Bönig began his artistic activities in Memmingen, where he worked as organist and conductor at the church of St. Joseph from 1984 to 1998. Among other activities, Bönig played a cycle of Bach's complete organ works in fifteen concerts. For his musical activities he was awarded the Culture Prize of the city of Memmingen in 1995.
Year after year, concert invitations take him all over the world; recently he has been invited to ceremonial organ consecrations and premieres in China, Russia, Spain and other countries. He is also frequently active as a conductor.
Bönig has performed and continues to perform numerous world premieres of works dedicated to him by composers such as Enjott Schneider, Jean Guillou, Naji Hakim, Stephen Tharp, Colin Mawby, Robert HP Platz and Daniel Roth.

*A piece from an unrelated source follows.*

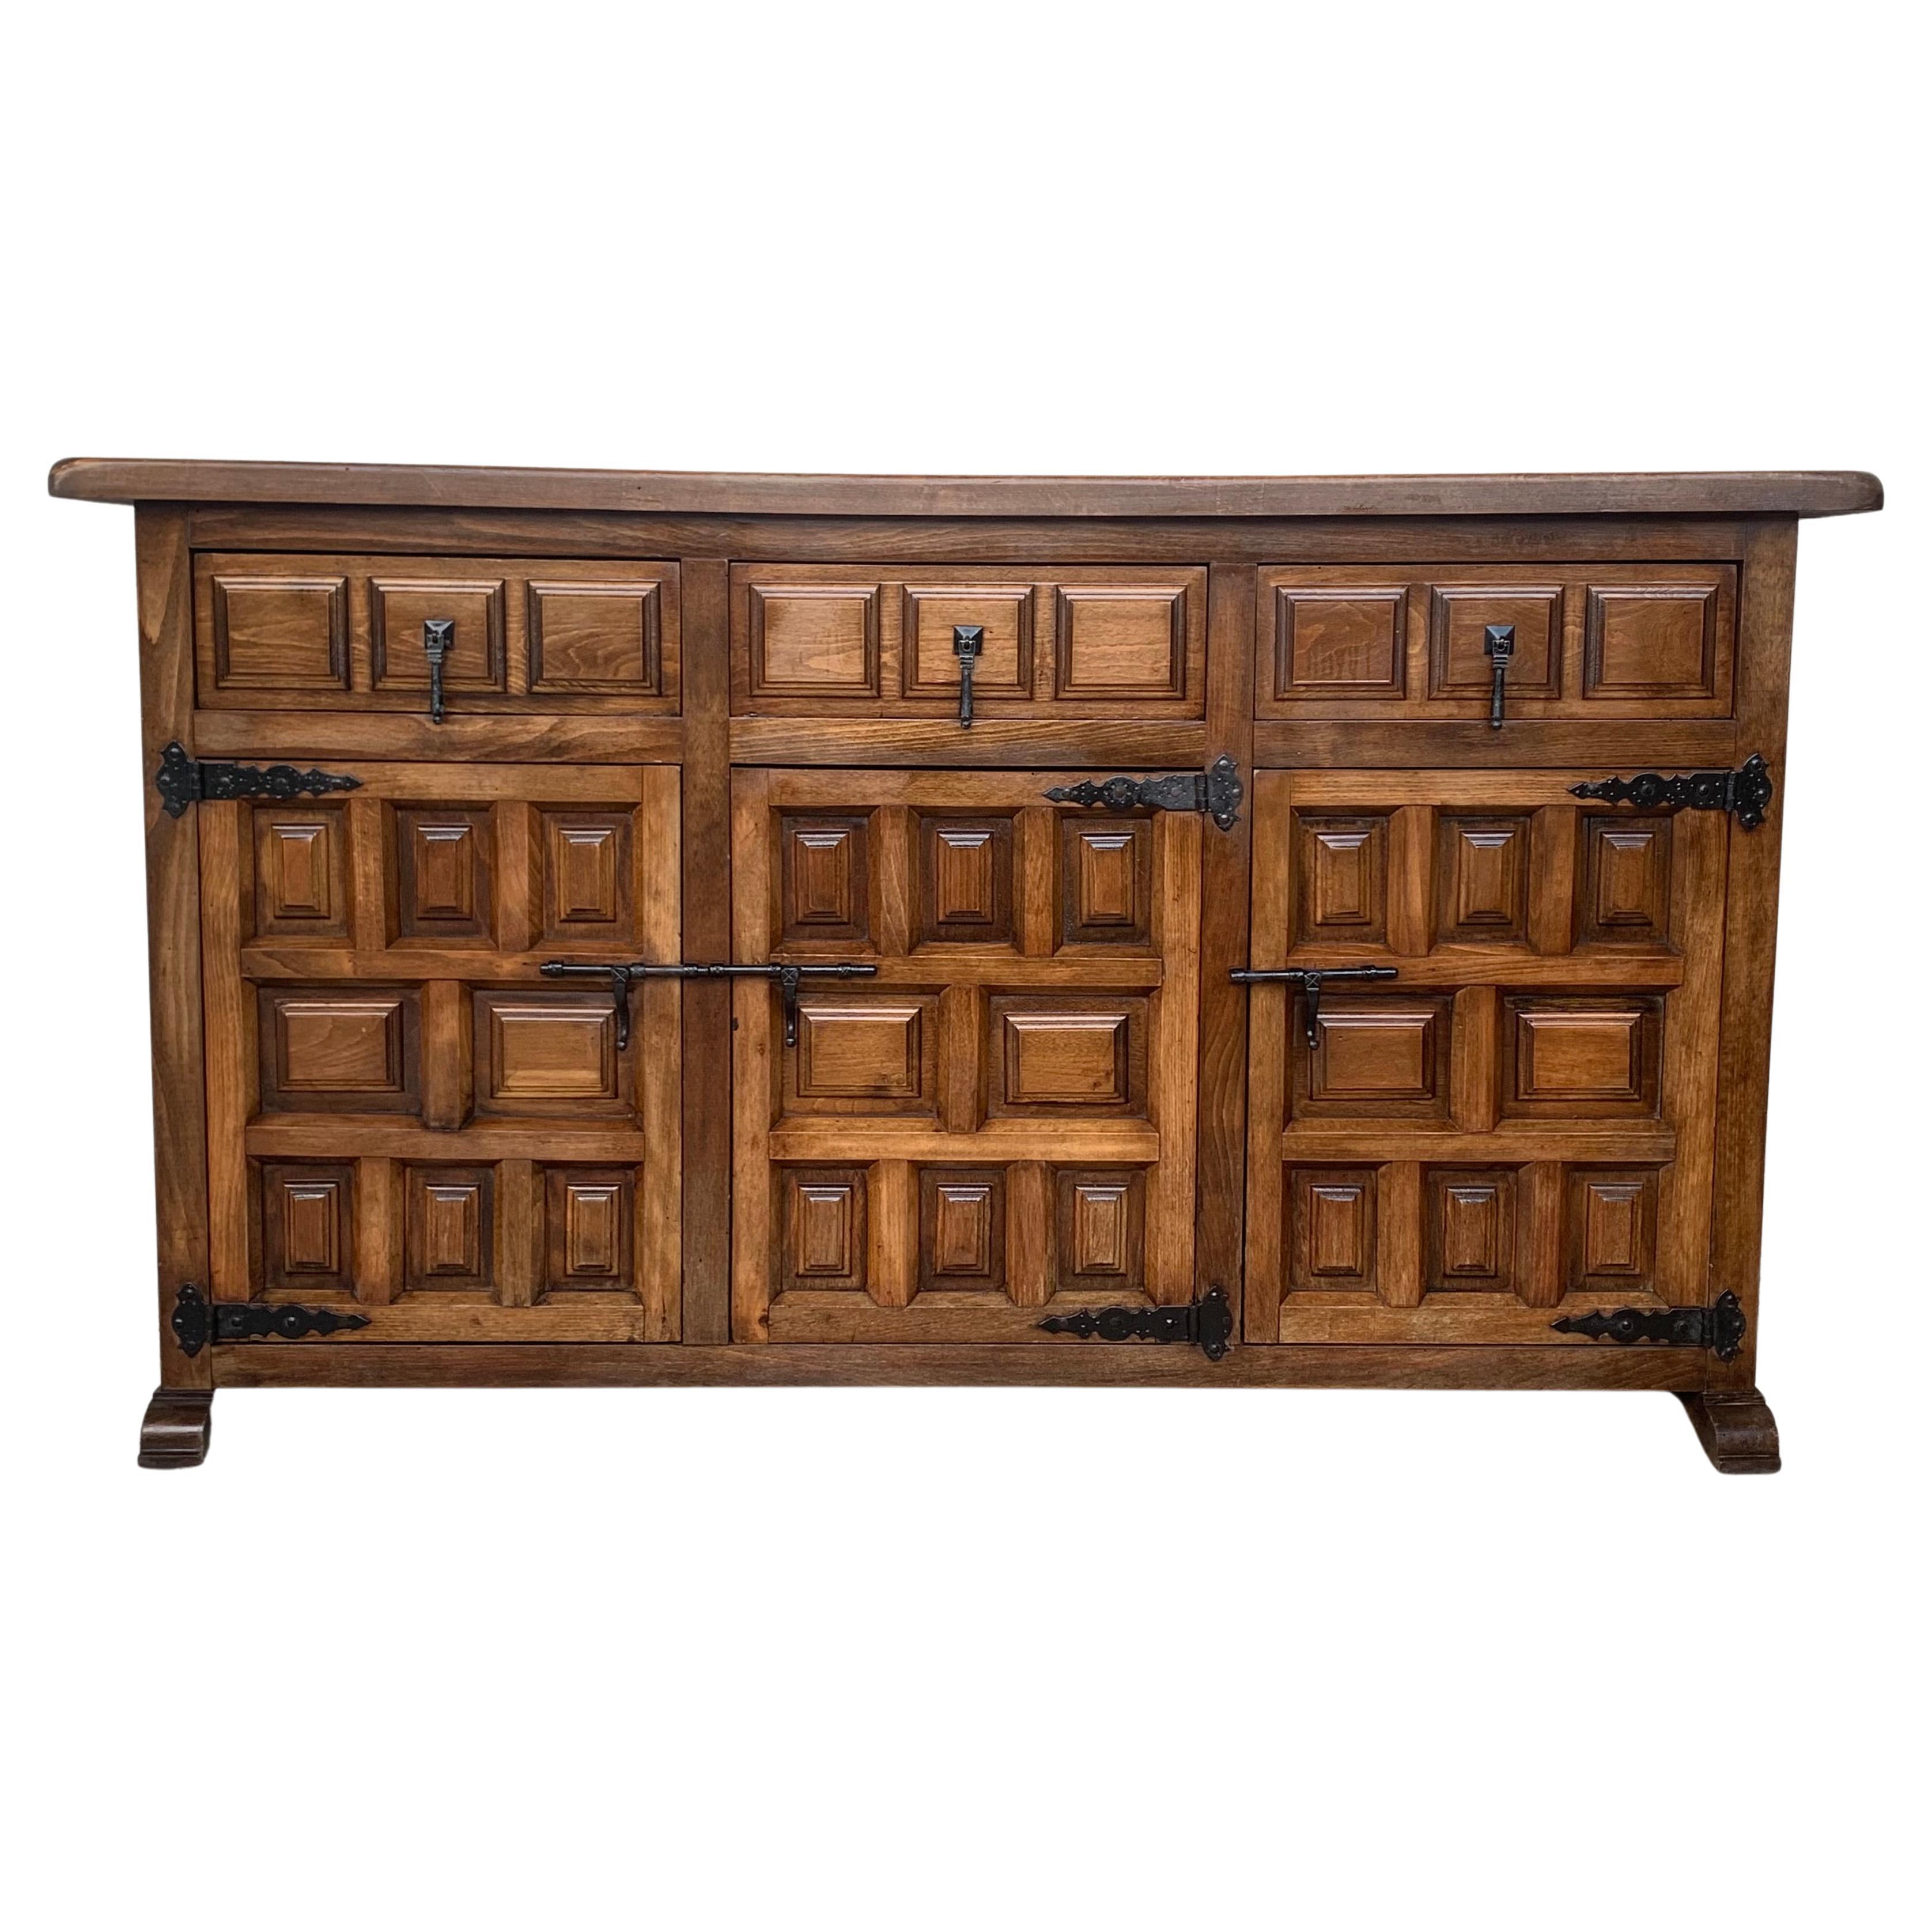 20th Century Large Catalan Spanish Baroque Carved Walnut Cabinet with Three Door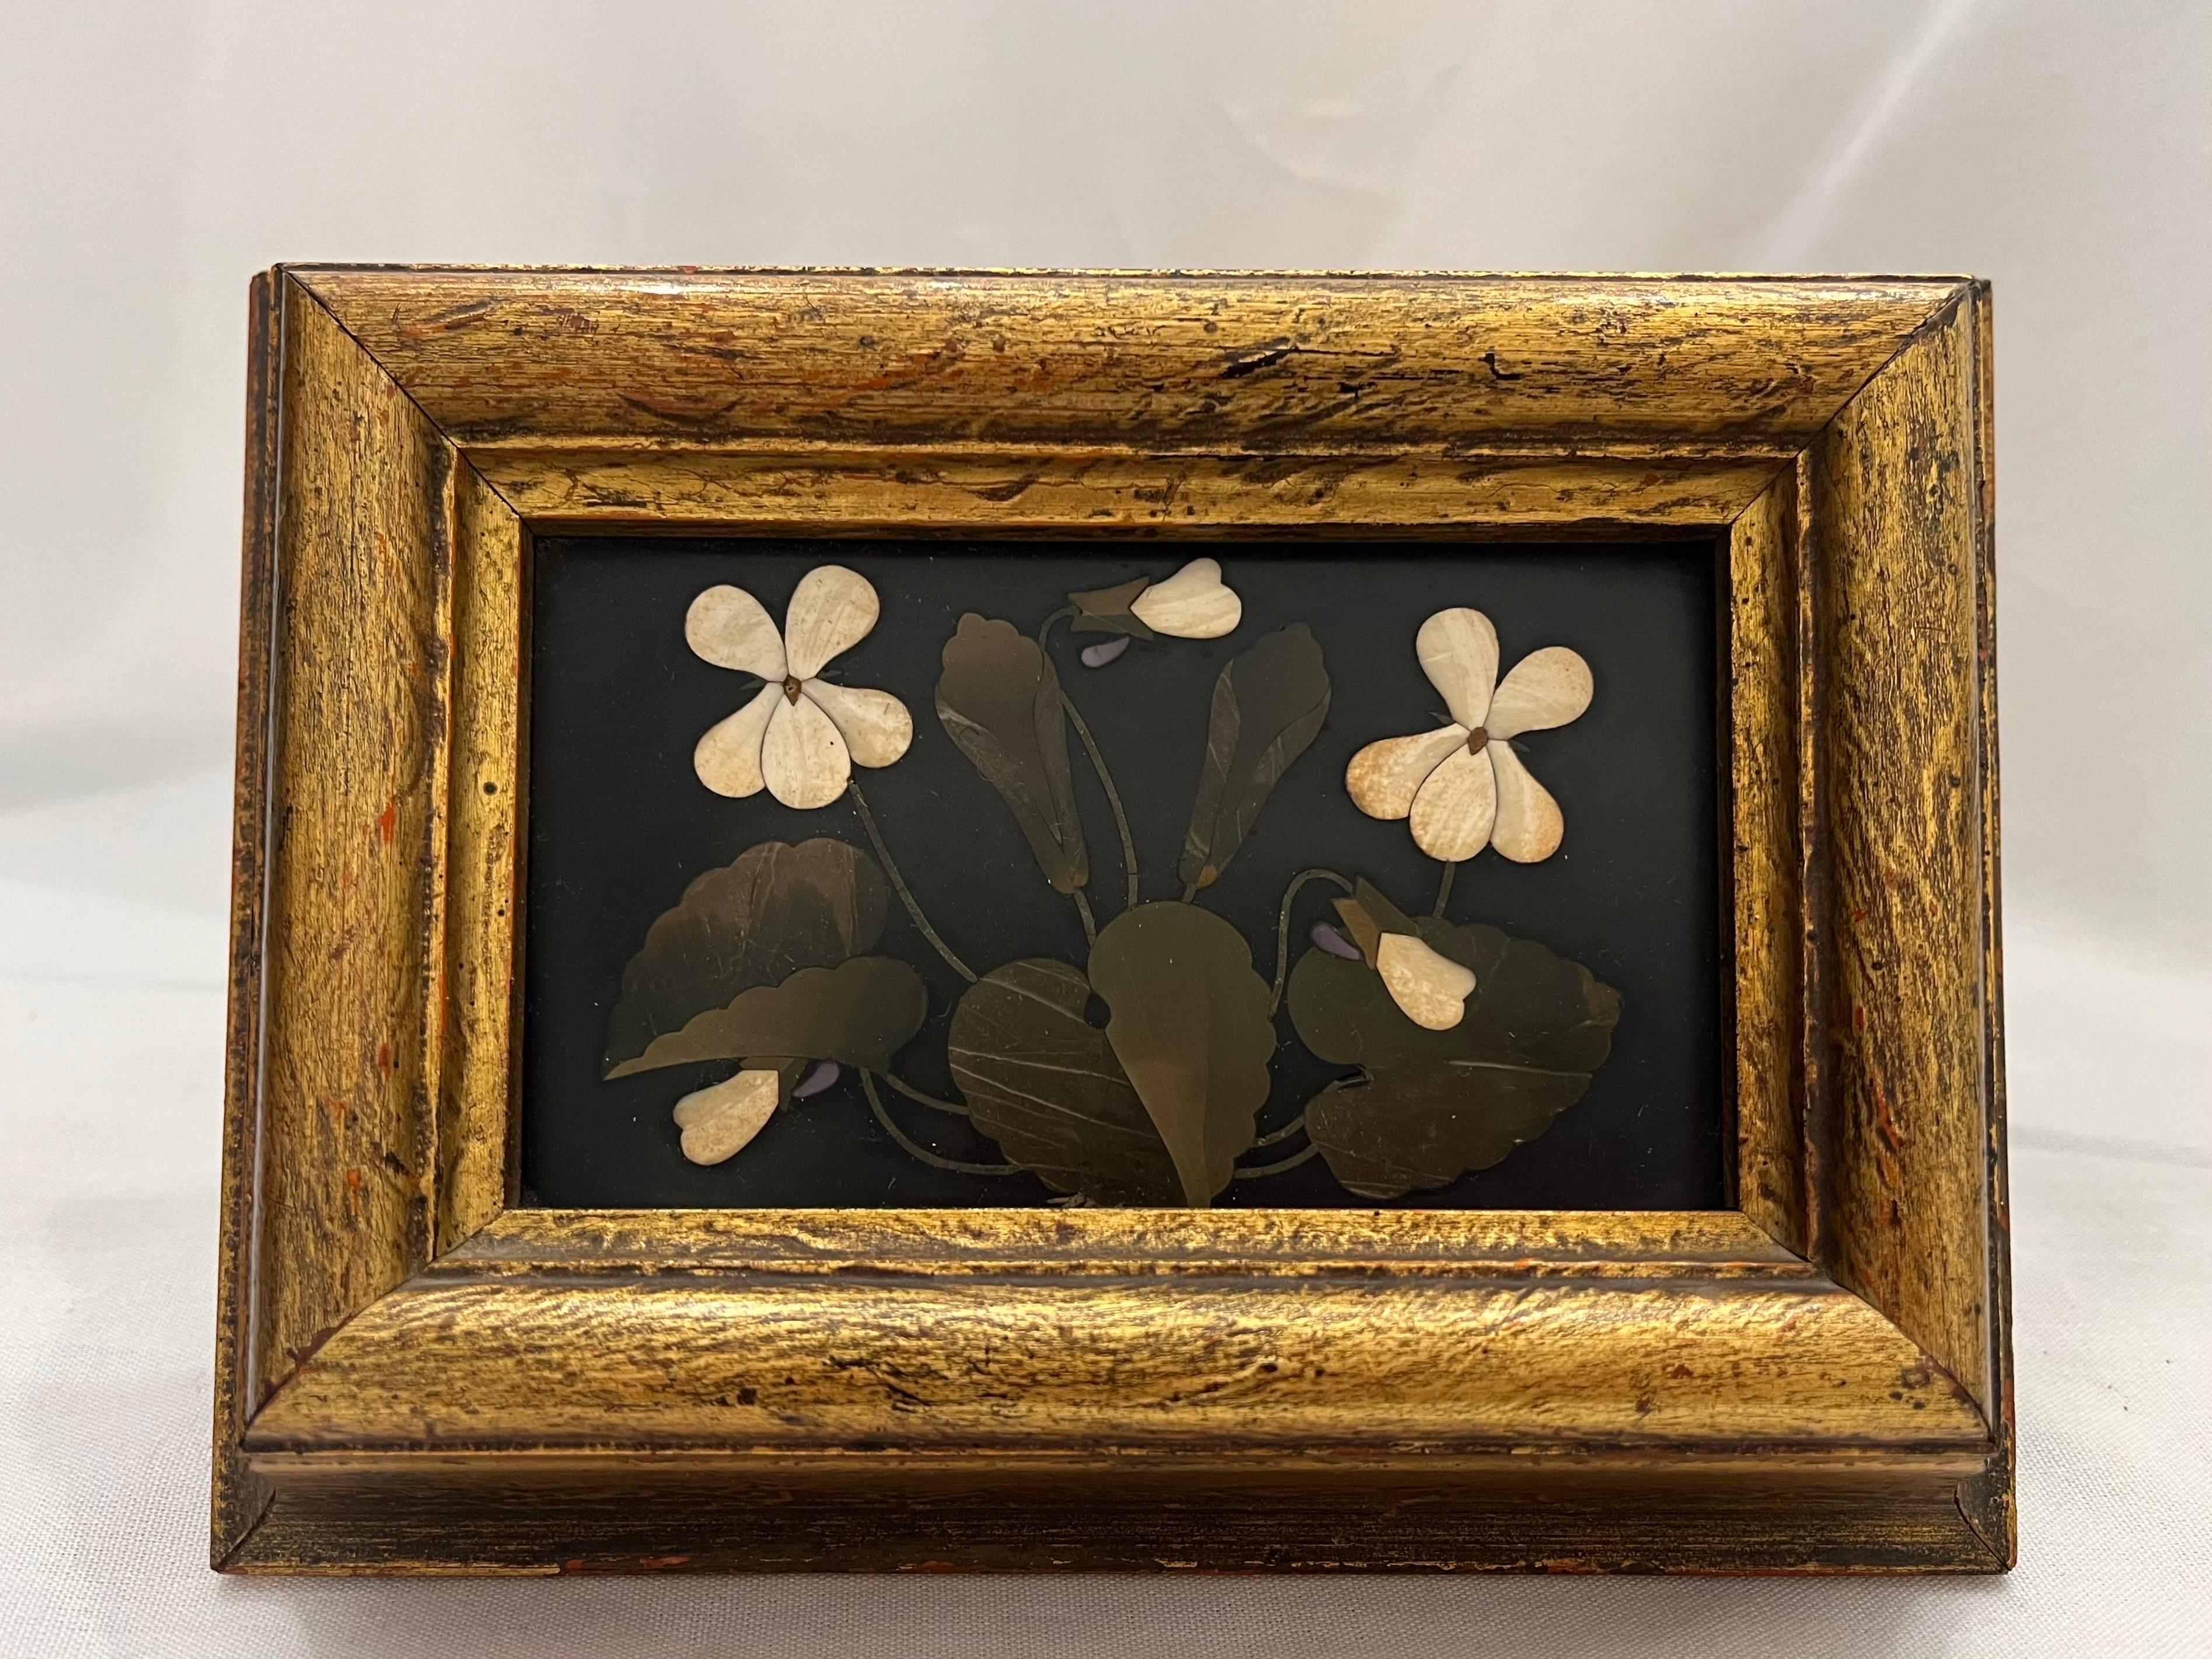 An antique, late 19th century Italian pietra dura hard stone floral still life in a frame. This incredibly beautiful pietra dura features a spray of flowers and foliage set against a deep and mysterious black background. I believe this black stone

Already his first CD with organ works by Dietrich Buxtehude, released in 1988, was enthusiastically reviewed by European and American music critics. Numerous further recordings - as organist and conductor - followed and add up to a long discography of the most diverse repertoire. His recordings of the organs in Cologne Cathedral and a CD with his own transcription of Bach's Goldberg Variations have received great attention.